Grey is an interesting color that lies between the extremes of black and white on the color spectrum. While black and white are seen as absolutes, grey contains many subtle variations and gradients between these two extremes. So how many different shades of grey actually exist between black and white? The answer may surprise you.
Defining Shades of Grey
To determine how many shades of grey there are, we first need to understand what defines a distinct shade. A shade is distinguished by its specific lightness or darkness value on a standardized color scale. The most common scale used today is the 8-bit grayscale, which contains 256 different shades from black (0 value) to white (255 value).

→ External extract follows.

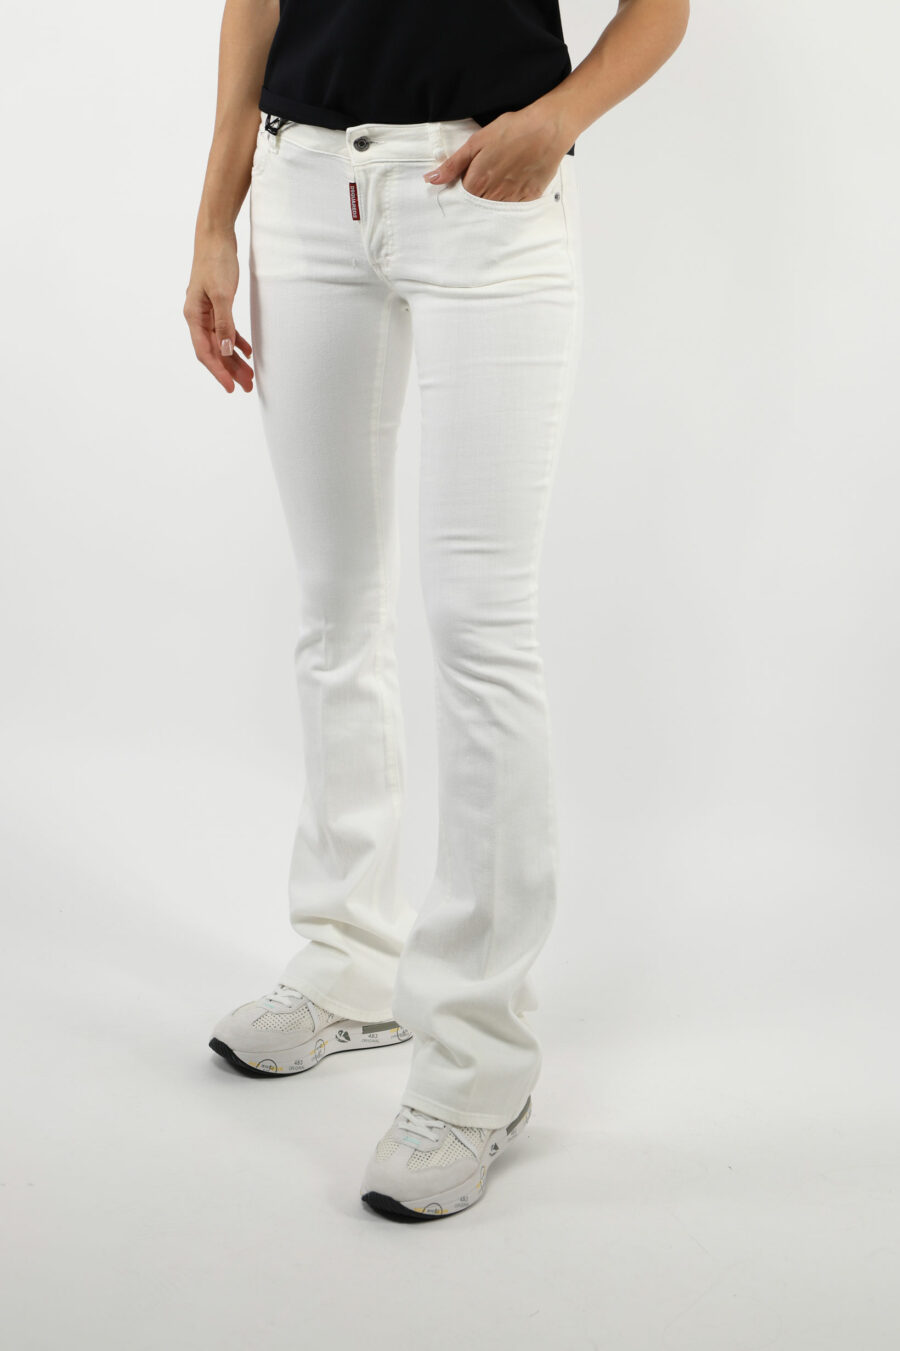 Pantalón vaquero blanco "twiggy jean" con bota ancha - 109796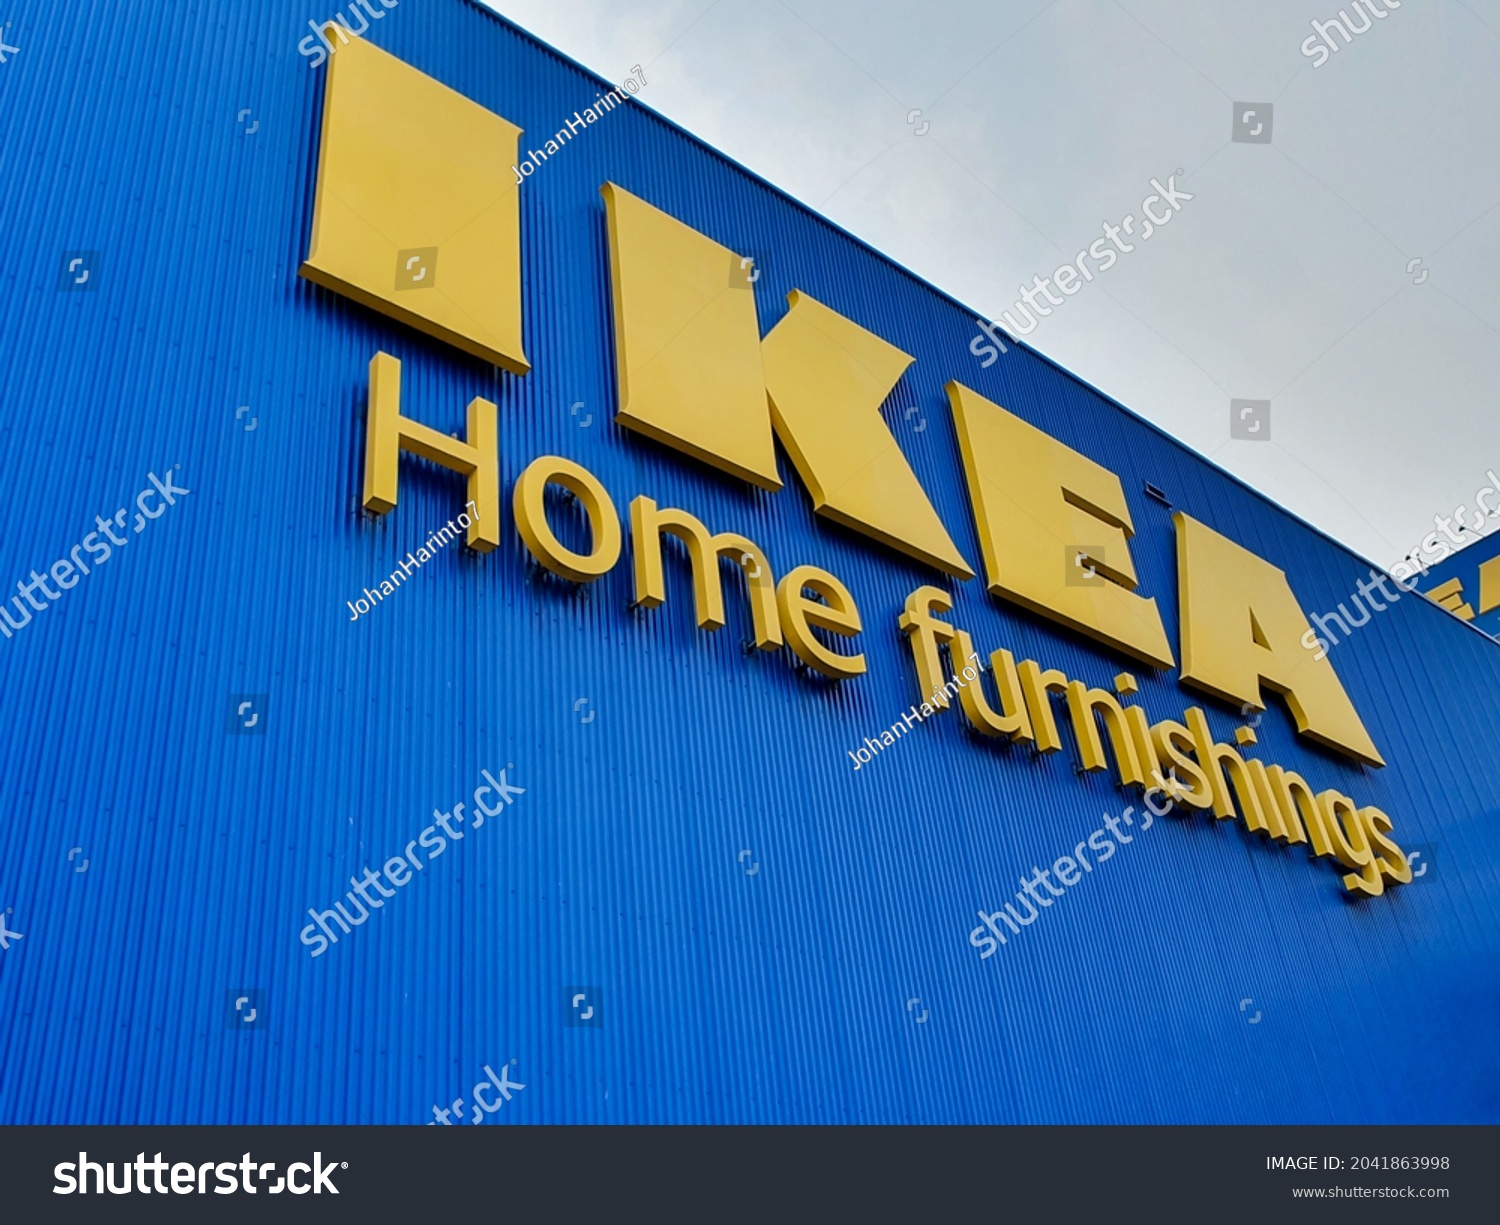 Ikea jakarta

On an 8-bit scale, each shade has a lightness value incremented by 1. So the first shade above total black would be 1, the next 2, and so on up to 254 before reaching pure white at 255. This gives 256 evenly spaced shades of grey in total on an 8-bit scale.
Variable Color Scales
However, 8-bit is not the only scale used to define shades of grey. Some common scales include:
- 2-bit (4 shades of grey)
- 4-bit (16 shades)
- 8-bit (256 shades)
- 10-bit (1024 shades)
- 12-bit (4096 shades)
- 14-bit (16384 shades)
- 16-bit (65536 shades)
As you can see, the number of distinct shades available depends entirely on the bit-depth of the scale used. The human eye can typically distinguish up to 500 shades of grey without losing perceptibility between each incremental shade.
Shades of Grey in Printing
In the field of desktop publishing and printing, common greyscale standards include:
- 1-bit monochrome (black and white only)
- 8-bit greyscale (256 shades)
- 16-bit greyscale (65,536 shades)
Black and white printing cannot reproduce any shades of grey due to its binary nature. 8-bit greyscale allows for an excellent range of discernible shades, while 16-bit provides very fine gradual transitions between shades.
Shades of Grey in Photography
In digital photography, greyscales can range from 8-bit to 16-bit, with higher end cameras capturing 12-bit, 14-bit, or even 16-bit greyscale images. This allows photographs to contain 4,096 to 65,536 distinct shades from black to white.
Professional photo editing software like Photoshop is optimized to work with 16-bit greyscale images to preserve the full tonal range. This allows editors to perform adjustments like levels, curves, and dodging and burning while preserving smooth gradients.
The Bit Depth of Screens
Screen Type | Typical Bit Depth |
Standard definition | 8-bit |
High definition | 10-bit |
Apple retina display | 14-bit |
HD XR OLED | 16-bit |
The number of shades of grey viewable on a screen depends on the bit-depth of the display. Standard definition screens can reproduce up to 256 shades natively, while high definition screens can show 1024 shades. High end Apple and OLED screens support up to 16-bit color for photography and video production.
The Most Common Greyscales
While a wide range of greyscales are possible theoretically, the most commonly used scales today are:
- 8-bit (256 shades) – common in computing, web, printing
- 10-bit (1024 shades) – common in HD video
- 12-bit (4096 shades) – common in digital photography
- 16-bit (65,536 shades) – high-end photography and production
The 8-bit (256 shade) greyscale provides enough discernibility for most applications like print, web, and standard display screens. 12-bit and 16-bit scales offer incredibly refined gradation for specialized fields like photography and cinematography.
Perceptual Limits of the Human Eye
While scales up to 16-bits provide extremely fine variation, research suggests the human eye can only perceive about 500 distinct shades of grey on average. Beyond this point, the increments between each shade become imperceptible to our eyes.
That said, subtle transitions between similar shades can still be distinguished when directly adjacent, even if the standalone shades are indistinguishable. So higher bit-depths still provide value by allowing ultra smooth gradients.
Practical Use Cases
The use of higher bit-depth greyscales beyond 8-bits provides the most value in fields where subtle tonal variations are important, like:
- Fine art photography
- Cinema post-production
- Scientific imaging
- Medical imagery
- Satellite mapping
Rendering thousands or even millions of shades can help represent smooth gradients in things like shadow, skin tone, topography, and other fine details.
Conclusions
In summary, there is no single answer for how many shades of grey exist between black and white. The number of distinct shades depends entirely on the bit-depth of the scale used to define and reproduce those shades.
Scales range from just 4 shades on 2-bit to over 65,000 shades on 16-bit. The most common scales are 8-bit, 10-bit, 12-bit, and 16-bit. While the human eye can only see about 500 shades, higher bit-depths allow for very smooth and subtle gradients.
So in practical terms, there are 256 commonly used shades, 1,024 HD shades, 4,096 photographic shades, and 65,536 production-level shades of gray Between black and white. But the true answer could be as high as the bit-depth of the chosen scale allows.